The second part of Hmannan, also called the Second Chronicle, was written in 1867-1869 by another committee of scholars. It covers the events up to 1854, including the first two Anglo-Burmese wars. The Second Chronicle's account of the two wars, according to historian Htin Aung, was "written with the objectivity of a true historian, and the great national defeats were described faithfully in detail." The posthumous names of "Bodawpaya" ("Royal Lord Grandfather") and "Bagyidawpaya" ("Royal Lord Paternal Uncle") were introduced in this chronicle; the kings respectively were grandfather and paternal uncle to King Mindon who had commissioned the chronicle.
The third instalment came in 1905, nearly twenty years after the end of Burmese monarchy, and was written by Maung Maung Tin, who had a distinguished career in the British administration. Tin updated the chronicle to 1885, to the fall of the monarchy, relying mainly on the court records obtained from several members of the royal library and also on the papers seized by the British and kept in libraries. (Almost all the records of the Konbaung Dynasty had gone up in flames as drunken British soldiers burned down the royal library soon after King Thibaw's surrender in 1885.) Tin updated the chronicle in 1921, and included the death of King Thibaw in 1916 as a postscript.
List of national chronicles
The following is a list of standard chronicles with two notable exceptions. Though officially commissioned by King Bodawpaya, Yazawin Thit was not accepted by the Konbaung court as its official chronicle. It is included in this list because Hmannan retains many of Yazawin Thit's corrections.
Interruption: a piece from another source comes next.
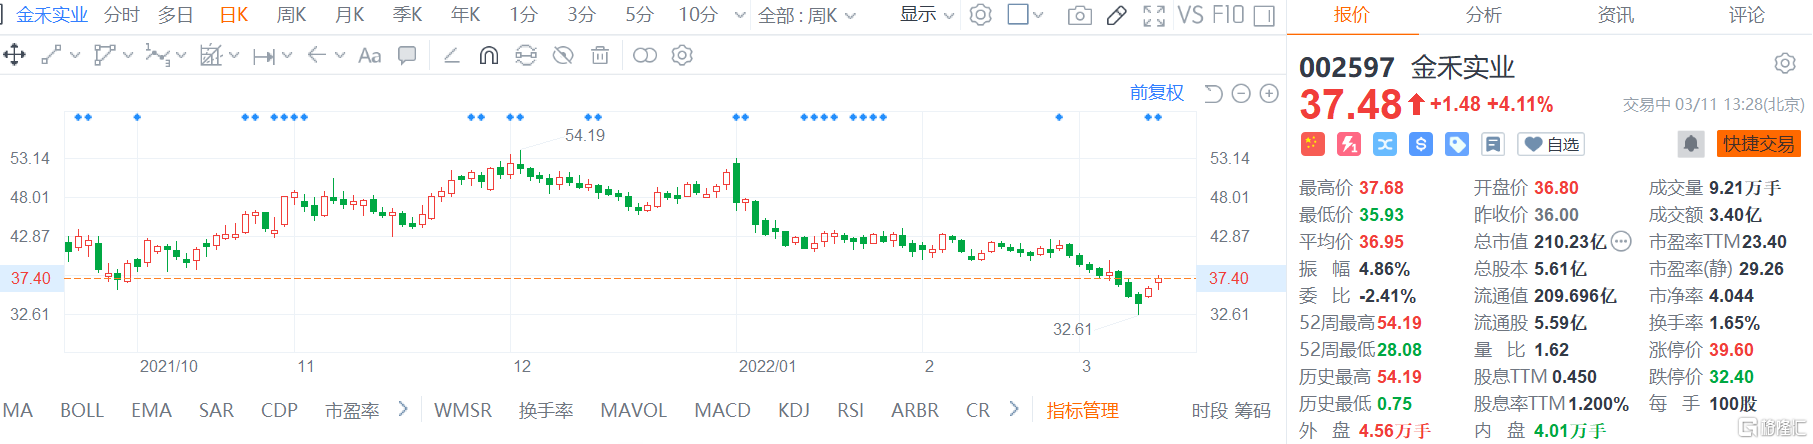 金禾实业(002597.SZ)股价继续回升 现报37.48元涨幅4.1%

Likewise, Konbaung Set Yazawin or Hmannan Yazawin Part III was written after the monarchy was abolished, and thus not official.
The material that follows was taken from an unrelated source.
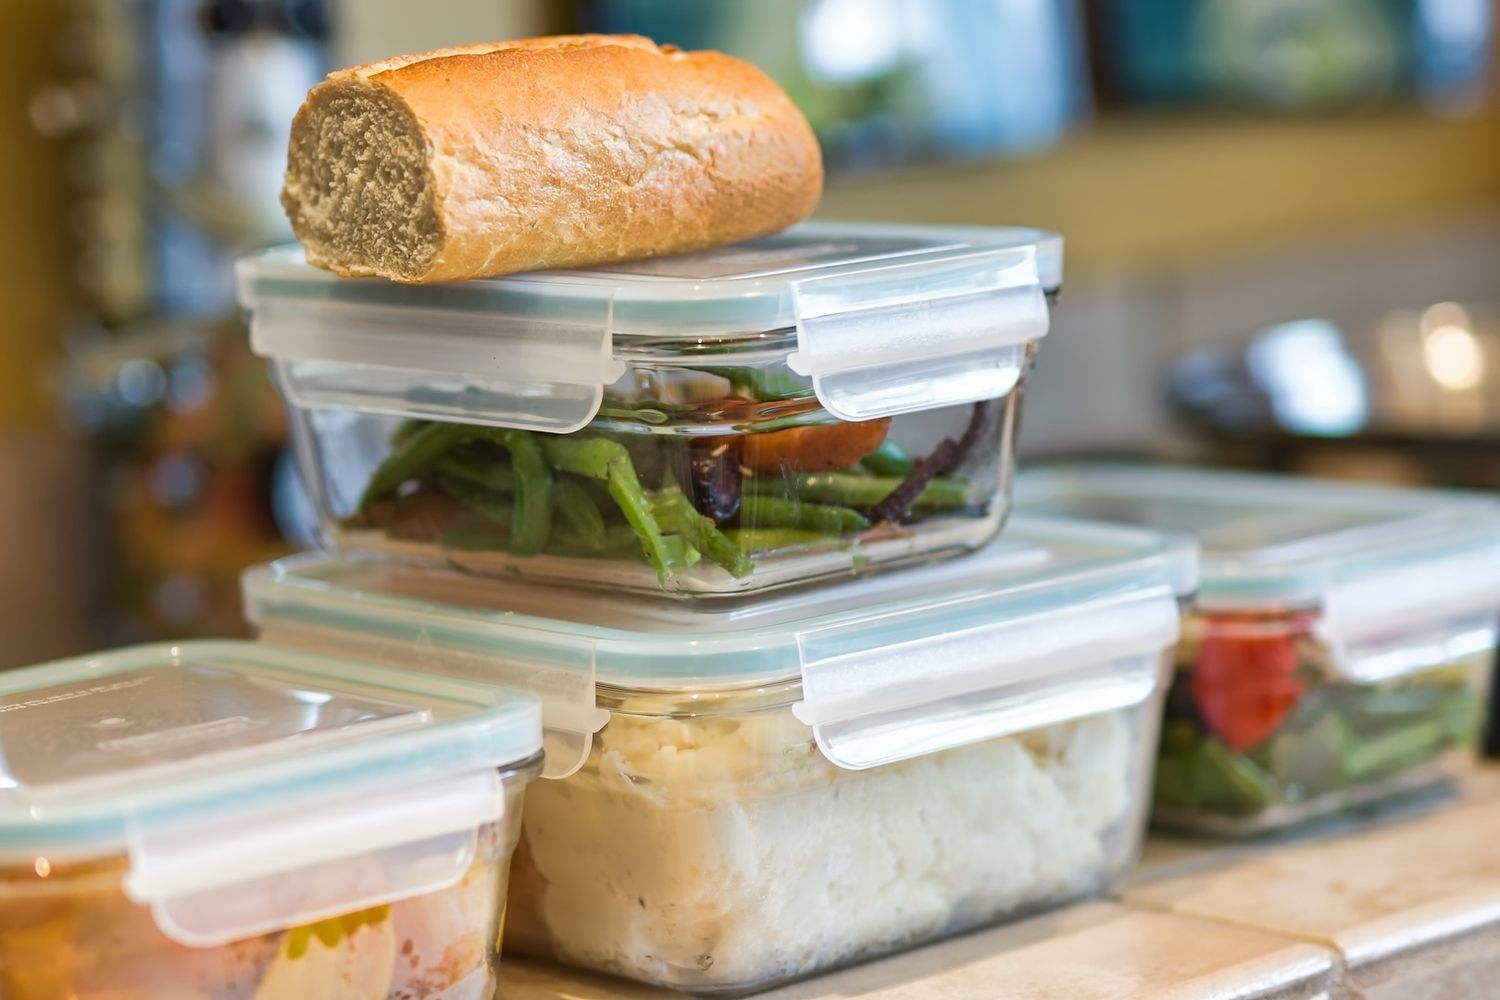 Stapel containers met overgebleven voedsel en brood

Usually named ayedawbons, biographic chronicles cover the life of more celebrated kings such as Razadarit, Bayinnaung, Nyaungyan and Alaungpaya in detail. Note: Razadarit Ayedawbon is actually the first half of the Hanthawaddy chronicle. At least two Alaungpaya biographies by different original authors exist. Hsinbyushin Ayedawbon is actually about the reign of King Bodawpaya, not the more famous Hsinbyushin and Bodawpaya's brother, King Hsinbyushin.
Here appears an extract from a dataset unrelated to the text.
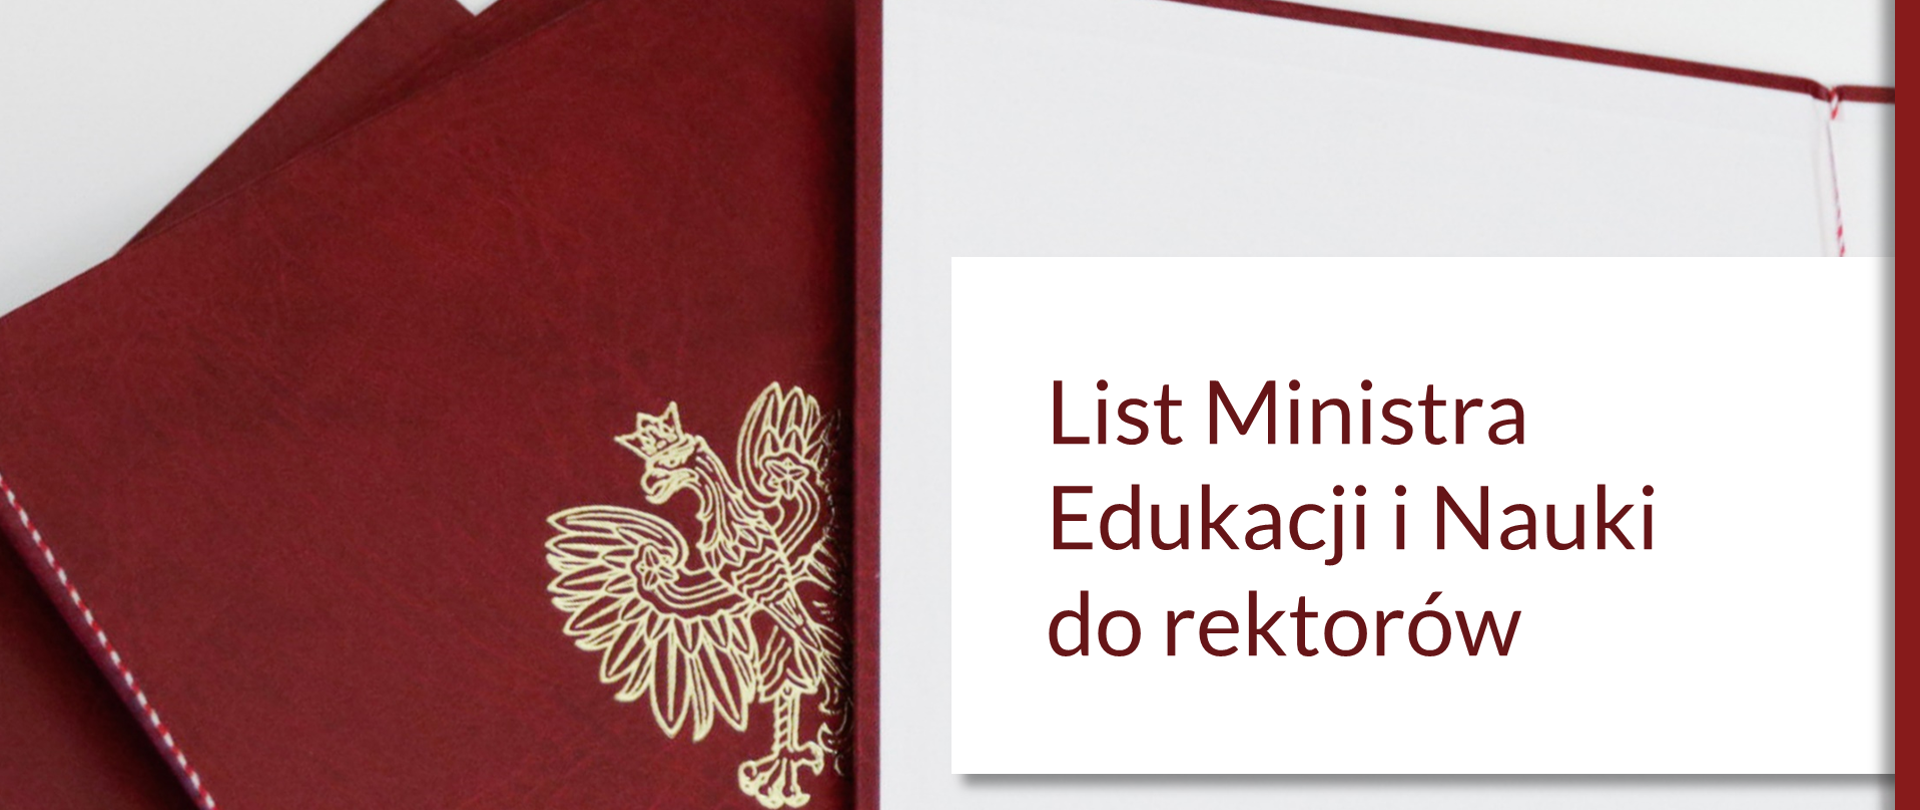 Plansza z napisem bordowym na białym tle List Ministra Edukacji i Nauki do rektorów

Regional chronicles are the histories of various small kingdoms such as (Hanthawaddy Kingdom and Mrauk-U Kingdom) and tributary vassal states (Early Toungoo, Prome, major Shan states of Lan Na, Kengtung, Hsenwi and Hsipaw) which maintained their own court and court historians. The regional chronicles were most relevant during the small kingdoms (warring states) period of Burmese history (14th to 16th centuries). The tradition of local court histories vanished in the Irrawaddy valley starting in the 17th century when Restored Toungoo kings integrated the entire valley into the core administrative system. The chronicle tradition continued only in farther major tributaries such as Kengtung and Lan Na, and indeed in the independent kingdom of Mrauk-U until it was conquered by Konbaung Dynasty in 1785.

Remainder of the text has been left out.